Páginas

sábado, 27 de março de 2010

Dona Mulher - o som

A mulher ainda se contentava a ouvir música. Não sabia ao menos quem estava cantando, mas a mulher não queria saber da existência de outra pessoa no mundo se não ela mesma. Para a mulher já não existia ninguém. Sua lembrança de outras pessoas da infância já não lhe importara. Apertava play e a fita tocava e tocava e ela dançava como se ninguém a visse. Ninguém via a mulher senão pelas sombras da janela. Ninguém via as sombras da mulher. A mulher estava invisível aos olhos das pessoas. As pessoas eram invisíveis aos seus olhos de mulher. A mulher escolhia quem via e suas escolhas já estavam muito limitadas. A mulher já não escolhia nada a não ser ficar ali, no seu apartamento esperando que as coisas acontecessem.

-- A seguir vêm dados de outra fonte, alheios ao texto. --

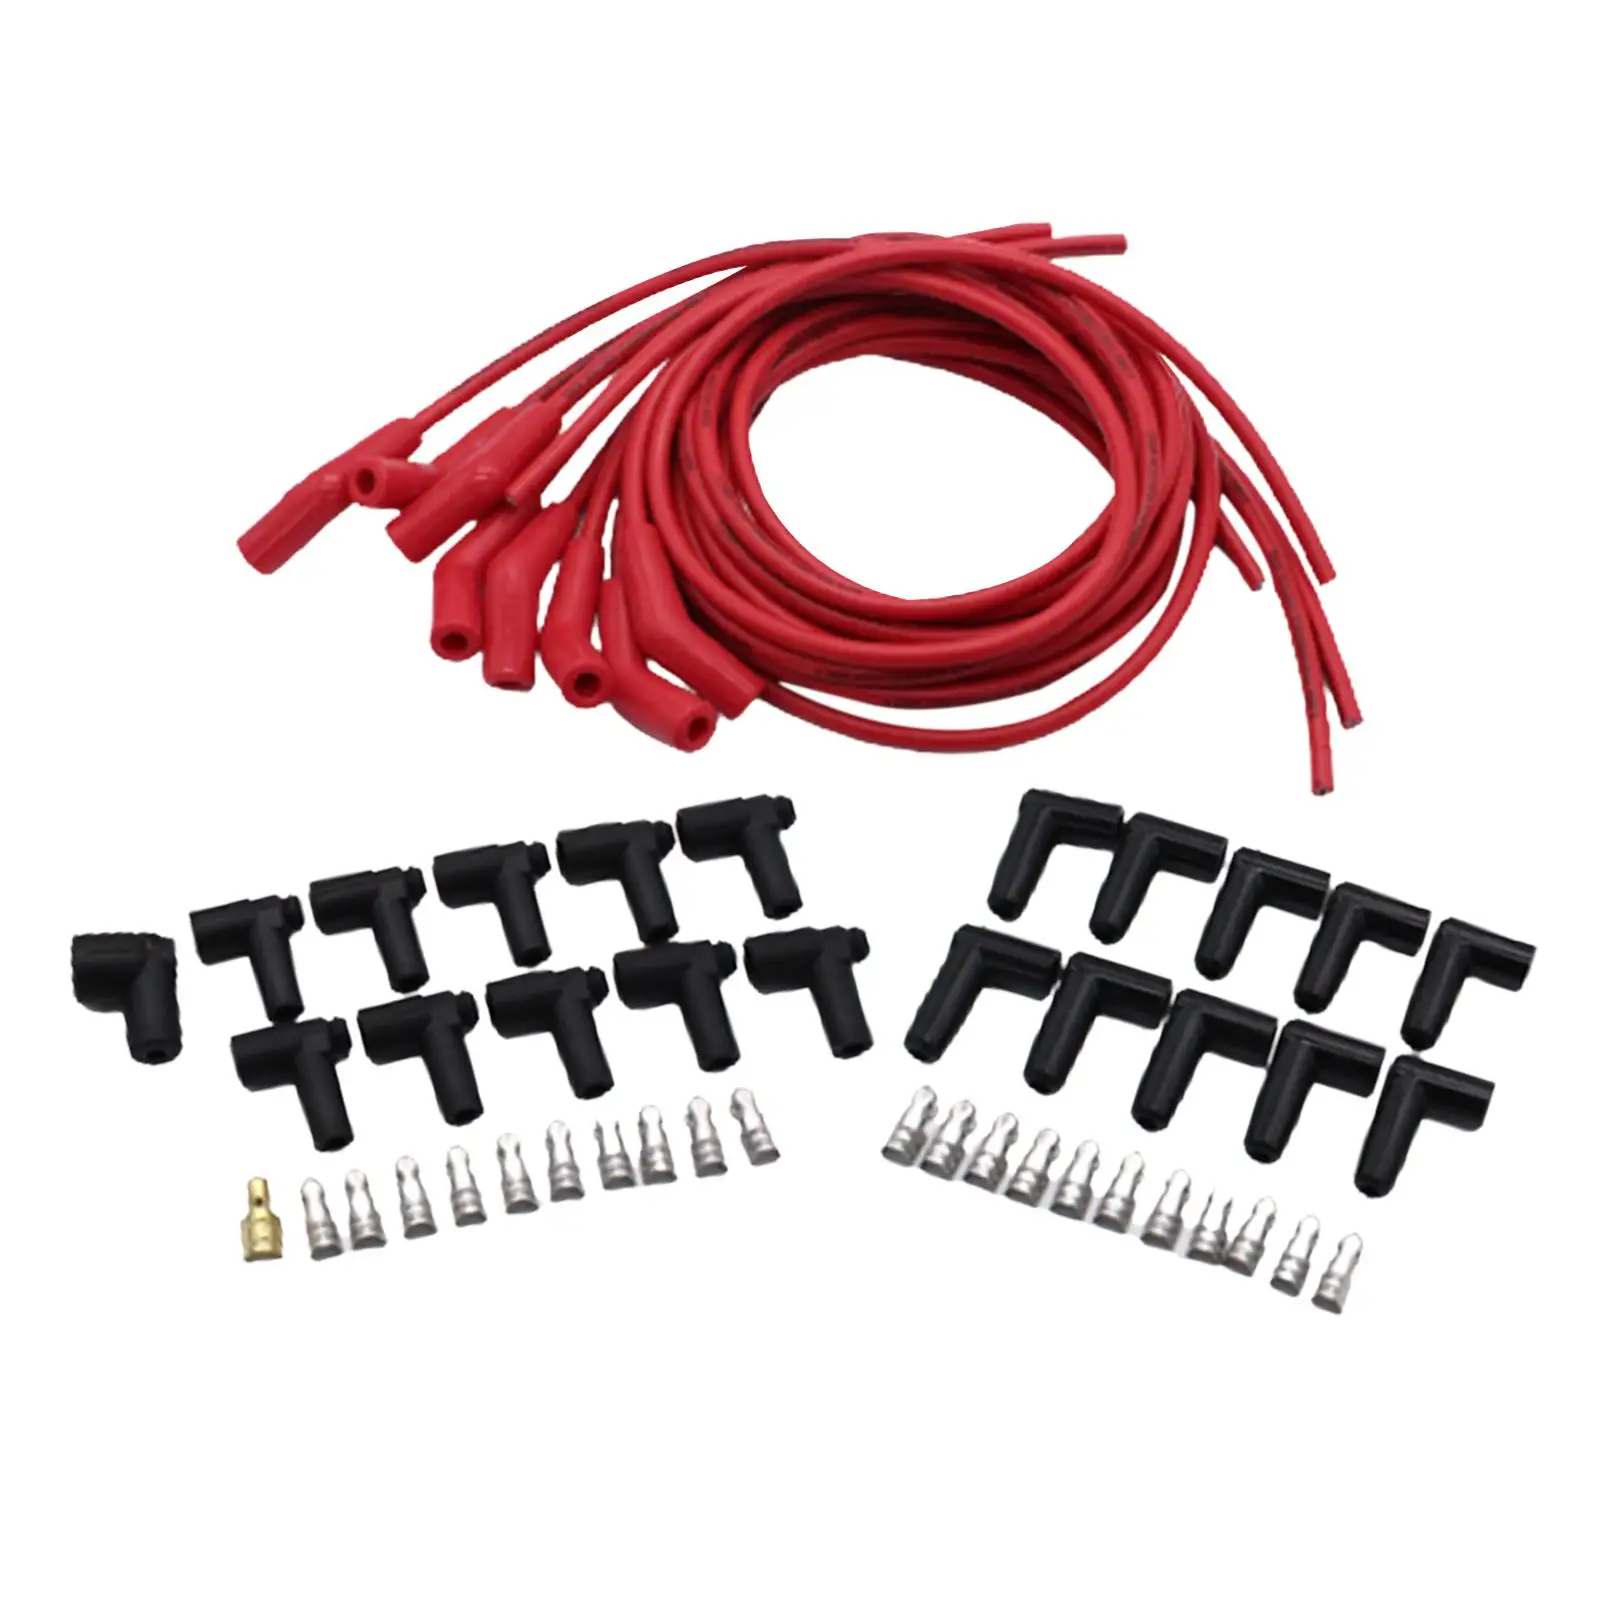 Spark Plug Wire Set Spare Parts Durable Premium Car Accessories with 45/135 Spark Plug Boot Red High Performance for Chevy
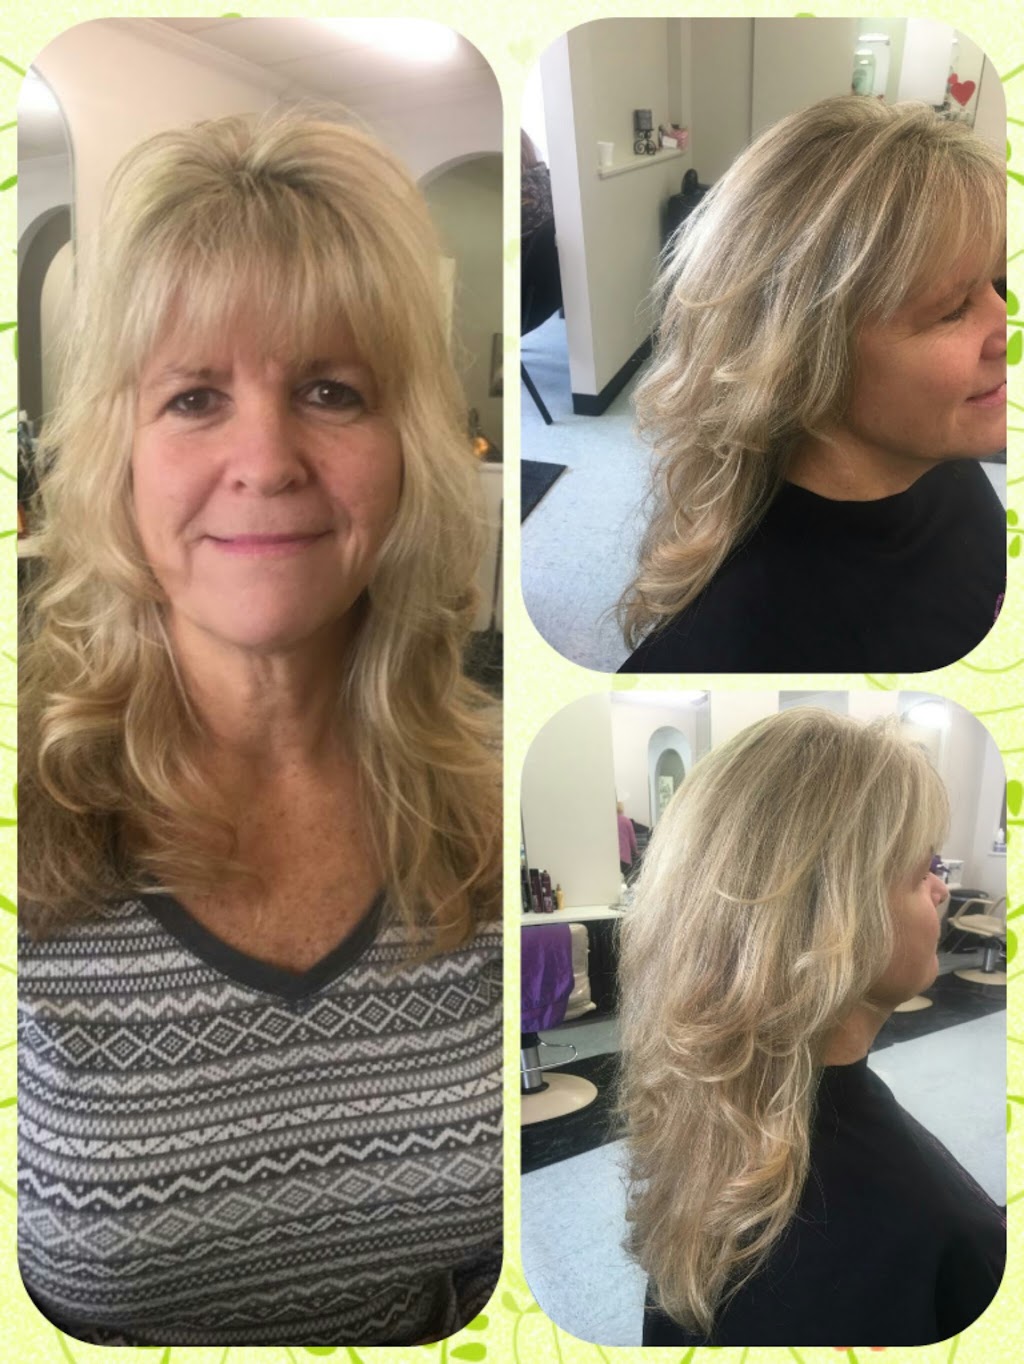 The Mane Difference Hair Design | 500 W Aurora Rd #120, Northfield, OH 44067 | Phone: (330) 468-1441

As coisas escolhiam pela mulher. A mulher falou, em um suspiro, tudo o que pensara até ali. A mulher estava tentando excluir todos os seus pensamentos anteriores. A música tocando, tocando, tocando. “Vai”! Gritou a mulher. Foi a última coisa que falara a mulher. As palavras já não apareciam em sua boca. As cordas vocais da mulher se viam travadas.
A mulher andou mais um pouco, rodeou a sala-quarto-cozinha ao som da música. A música levava a mulher. A música escolhia para a mulher. Soava tão doce aquela melodia. As memórias da mulher paravam pela cabeça feminina e ela dançava e as fazia passar. A mulher queria nada. O nada ficou na cabeça da mulher.
Uma lágrima lhe percorreu todo o rosto. A mulher chorava compulsivamente. A mulher tentava entender porque aquilo acontecia e não obtinha respostas. A mulher não queria ter respostas. Naquele momento ela só queria chorar. E já que estava com vontade de chorar, chorou, chorou, chorou. A mulher não se dava ao luxo de parar de chorar. A mulher se deu o luxo de quase morrer de chorar.